- _ACTIVITY_: Please output exactly the lines below, starting at the line that has "Vegetable Side Dishes For Christmas" and ending at the line that has "You Can t Eat What The Best Side to Fall For", both included; leave out all pictures and include nothing else.

- _EXERCISE DATA_:
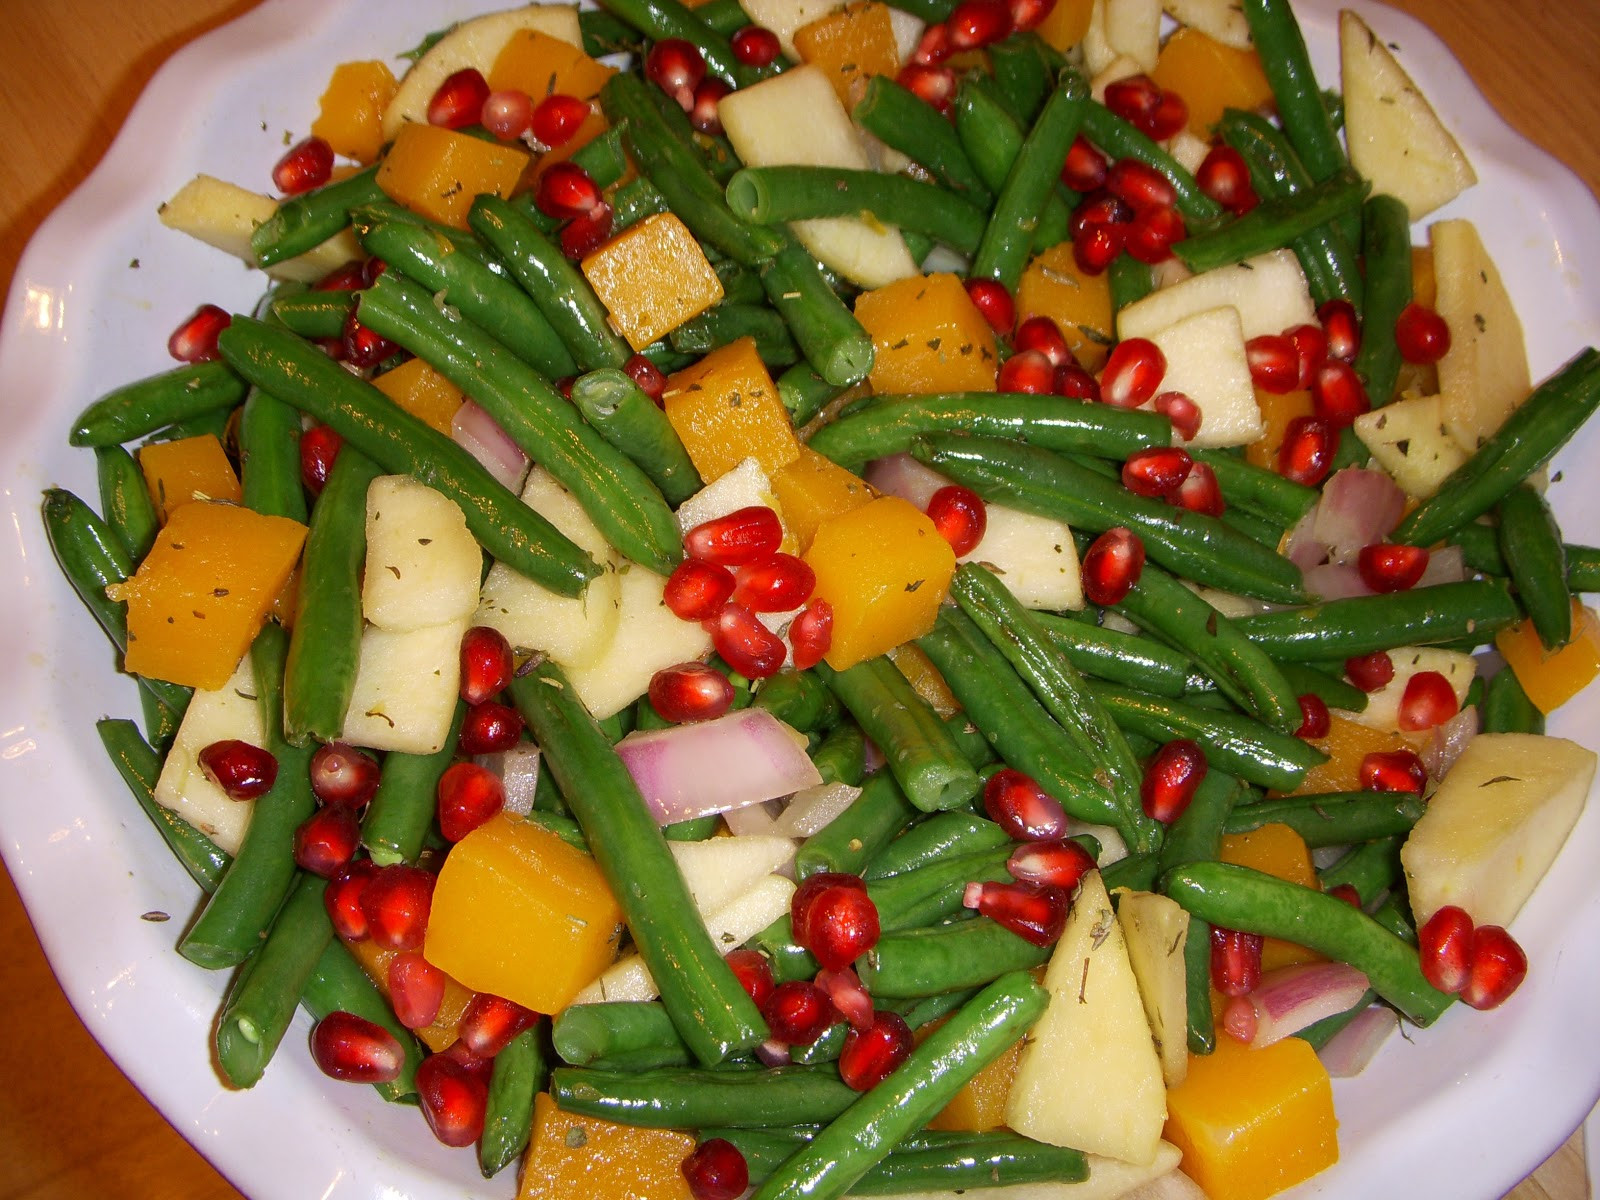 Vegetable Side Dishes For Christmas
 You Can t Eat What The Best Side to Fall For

--

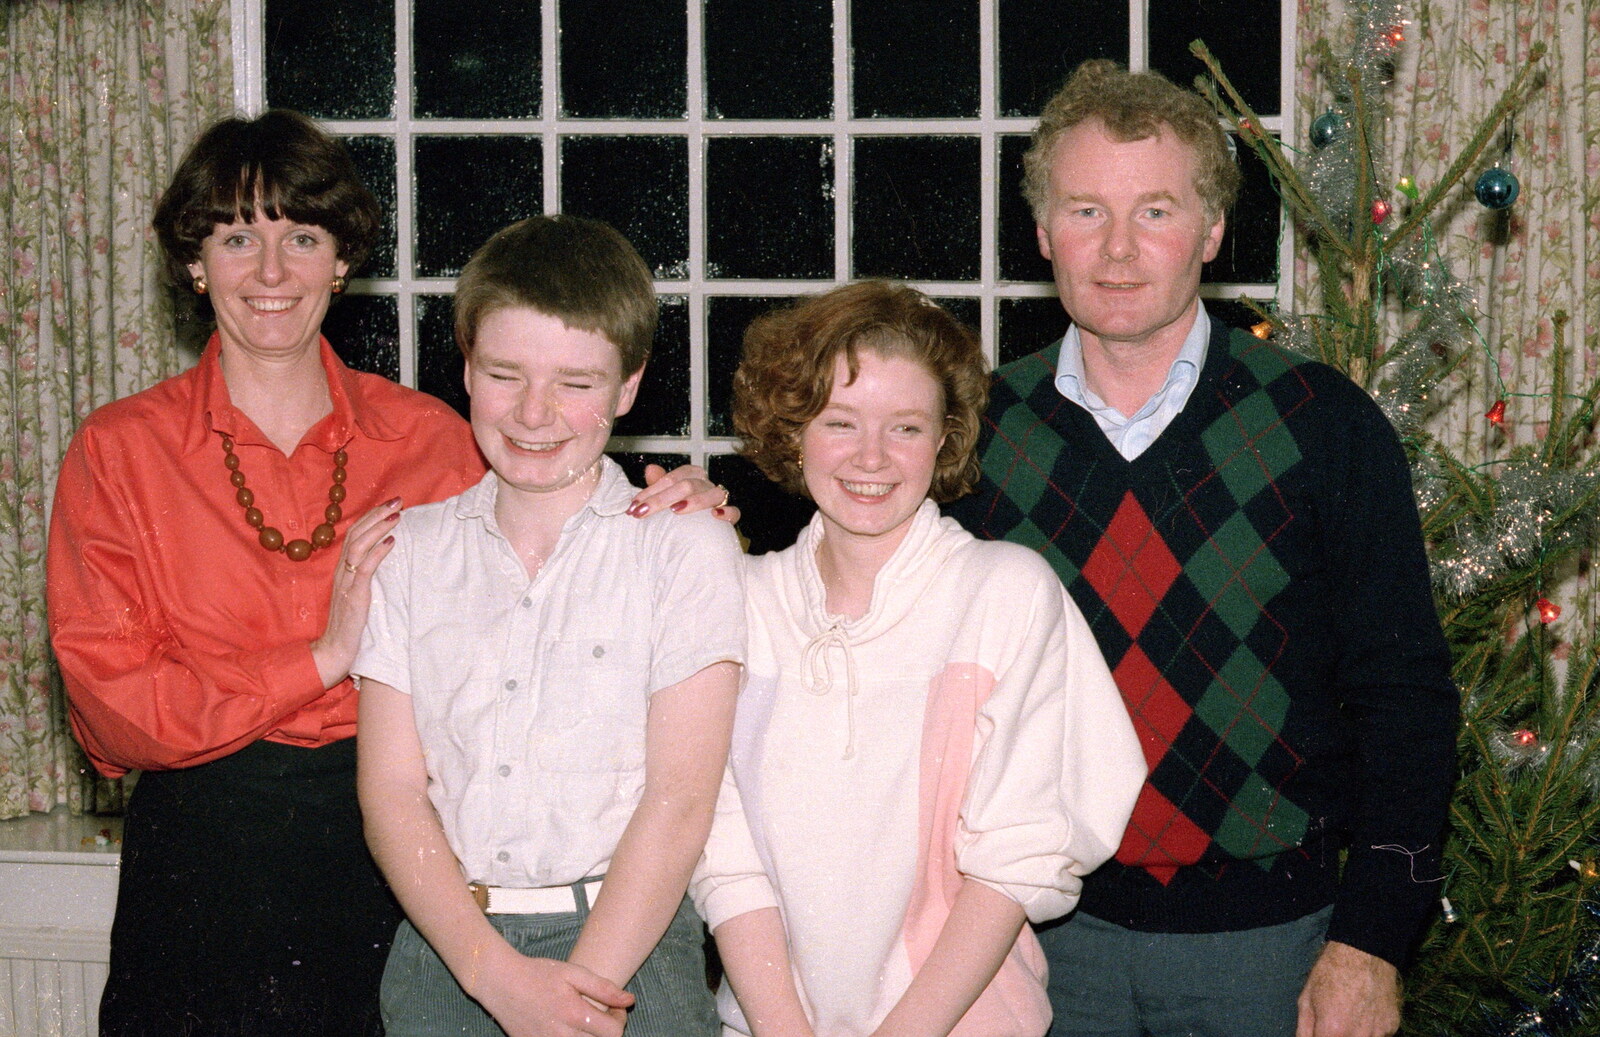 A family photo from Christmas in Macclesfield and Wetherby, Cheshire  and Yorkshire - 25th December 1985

- _FINISHED EXERCISE_:
 Vegetable Side Dishes For Christmas
 You Can t Eat What The Best Side to Fall For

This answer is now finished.